Weiter schreibt die Bundeskanzlei, dass obendrein erhöhte Transparenzvorschriften und ein verstärkter Einbezug von unabhängigen Fachpersonen in die Konzeption, Entwicklung und Prüfung von E Voting-Systemen dazu beitragen sollen, einen Prozess der kontinuierlichen Verbesserung zu etablieren. Zur Unterstützung dieses Prozesses soll auch der Dialog mit der Wissenschaft verstetigt werden. An der im Sommer 2020 gestarteten und letzten Monat abgeschlossenen (Online-)Diskussion hatten sich 23 in- und ausländische Expertinnen und Experten aus Informatik, Kryptografie sowie Politikwissenschaften beteiligt, teilte der Bund mit.

Die Fachleute seien laut der Bundeskanzlei der Ansicht, dass in der Schweiz im bisherigen Versuchsbetrieb schon viel erreicht wurde. Viele könnten sich vorstellen, dass E-Voting sich bis in 15 Jahren als vertrauenswürdiger Stimmkanal etabliert haben wird, heißt es. Doch einige wären sich auch nicht sicher, dass E-Voting das nötige Vertrauen gewinnen kann.

Handlungsbedarf sehen die Experten vor allem bei der Sicherheit und Transparenz der Systeme sowie ihrer unabhängigen Überprüfung. Auch die öffentliche Überprüfung wird als sehr wichtig beurteilt. Statt eines Public Intrusion Tests empfehlen die Experten Hackathons oder ein ständig laufendes Bug-Bounty-Programm, bei dem finanziell belohnt wird, wer einen Fehler findet. Für künftige Systeme und Systembestandteile, die nun zu entwickeln seien, strebt der Bund die Publikation unter einer Open-Source-Lizenz an.
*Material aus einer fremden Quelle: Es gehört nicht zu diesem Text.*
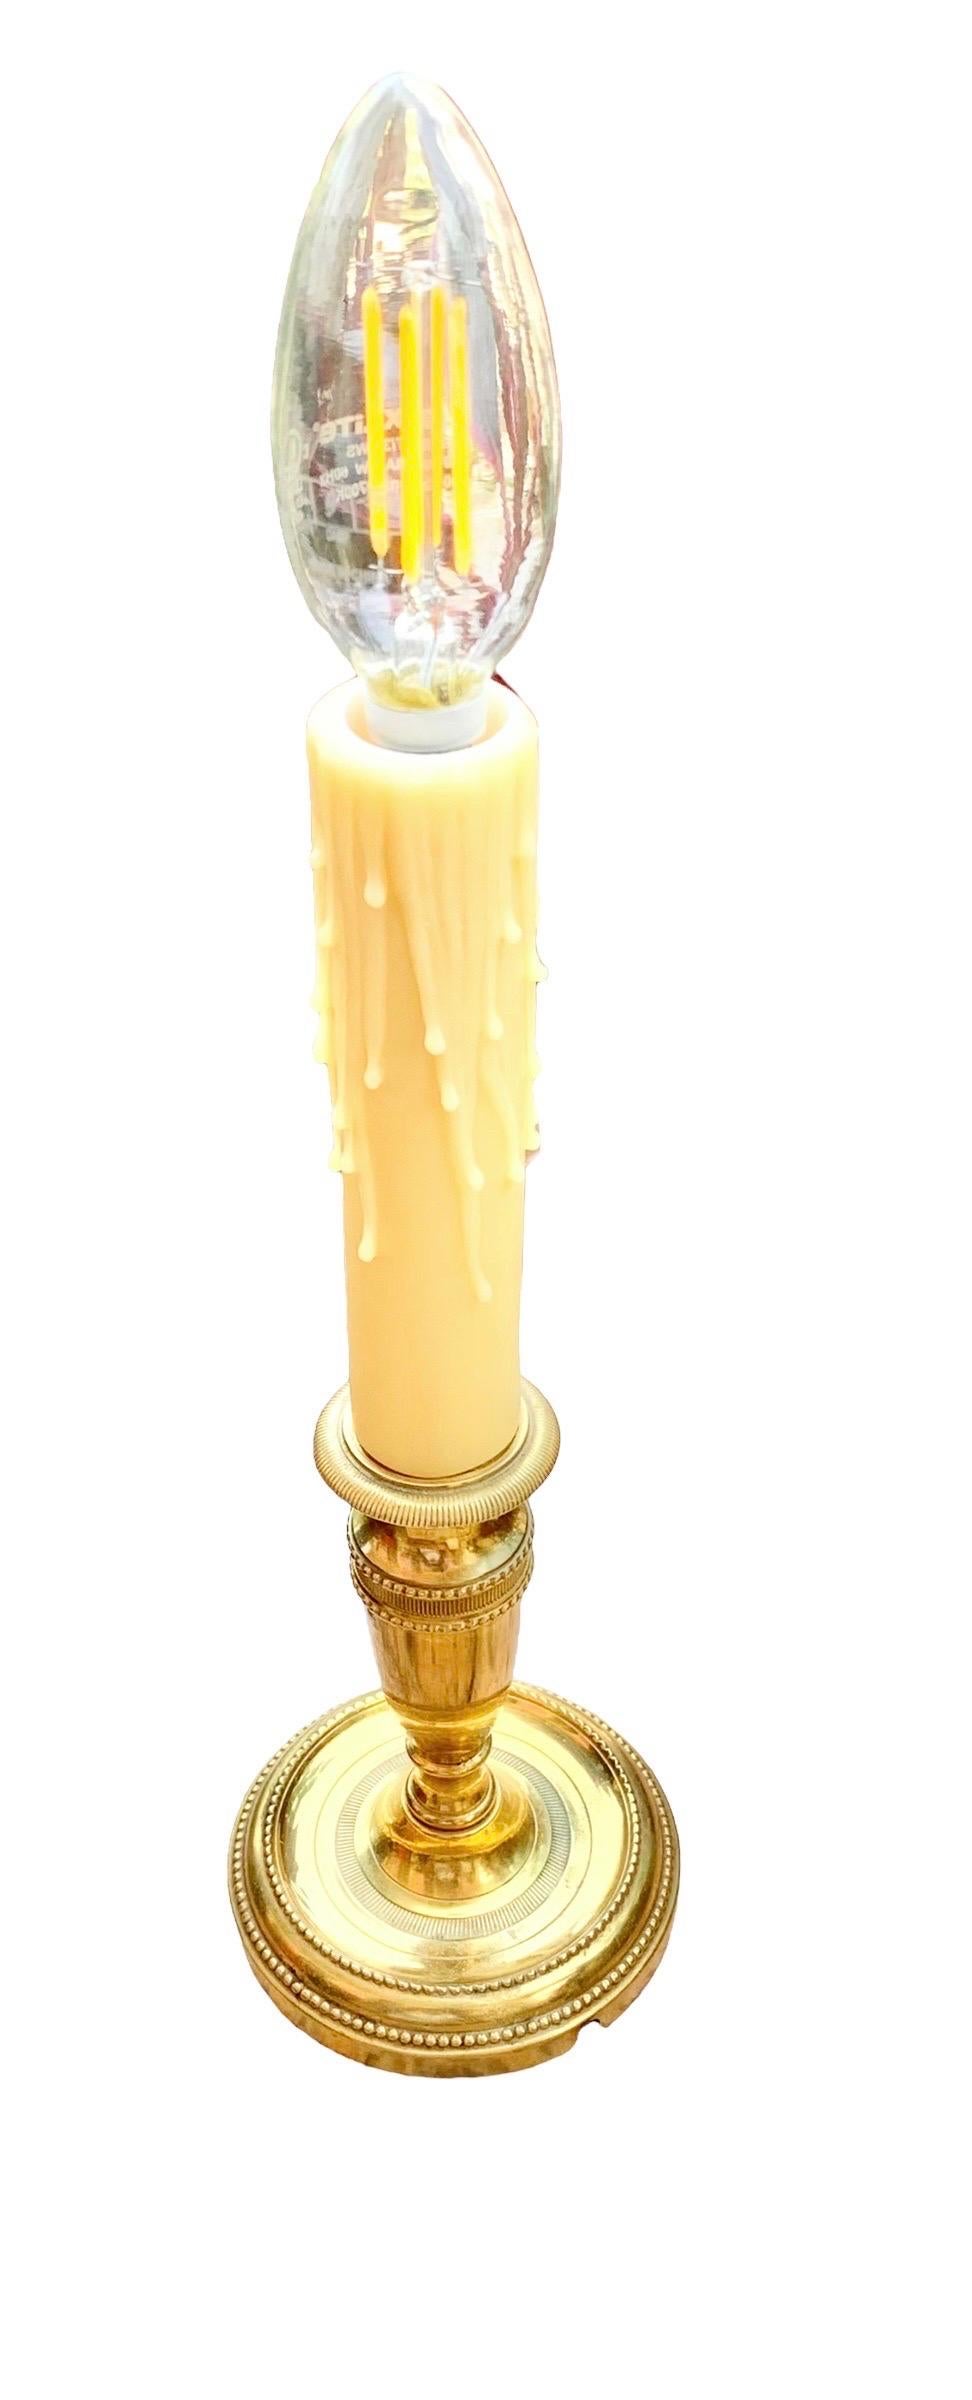 A lovely vintage French solid brass beaded candlestick lamp with a cream silk shade, an in line switch and new American socket.

Use it for a vanity lamp  in your dressing area, in a bookcase as an accent light or anywhere in a well appointed home.

Dann sollen auch drei Kantone, St. Gallen, Freiburg und Thurgau, im Frühling 2022 wieder Versuche mit E-Voting durchführen. Außerdem sollen in der nächsten Phase des Versuchsbetriebs in den einzelnen Kantonen höchstens 30 Prozent und national insgesamt höchstens 10 Prozent aller Stimmberechtigten zum E-Voting zugelassen werden. Jeder Kanton soll weiterhin selber entscheiden können, ob er solche Versuche durchführen möchte.

Eine Unterschriftensammlung für eine Volksabstimmung, die für mindestens fünf Jahre ein E-Voting-Moratorium erreichen wollte, respektive forderte, dass E-Voting so lange verboten werden solle, bis es mindestens so sicher gegen Manipulationen ist wie eine Stimmabgabe an der Urne, wurde bereits im Sommer wegen Schwierigkeiten bei der Sammlung aufgrund der Corona-Situation eingestellt. Die erforderliche Zahl der Unterschriften konnte deshalb bis zum Ablauf der Frist Anfang Dezember nicht eingereicht werden.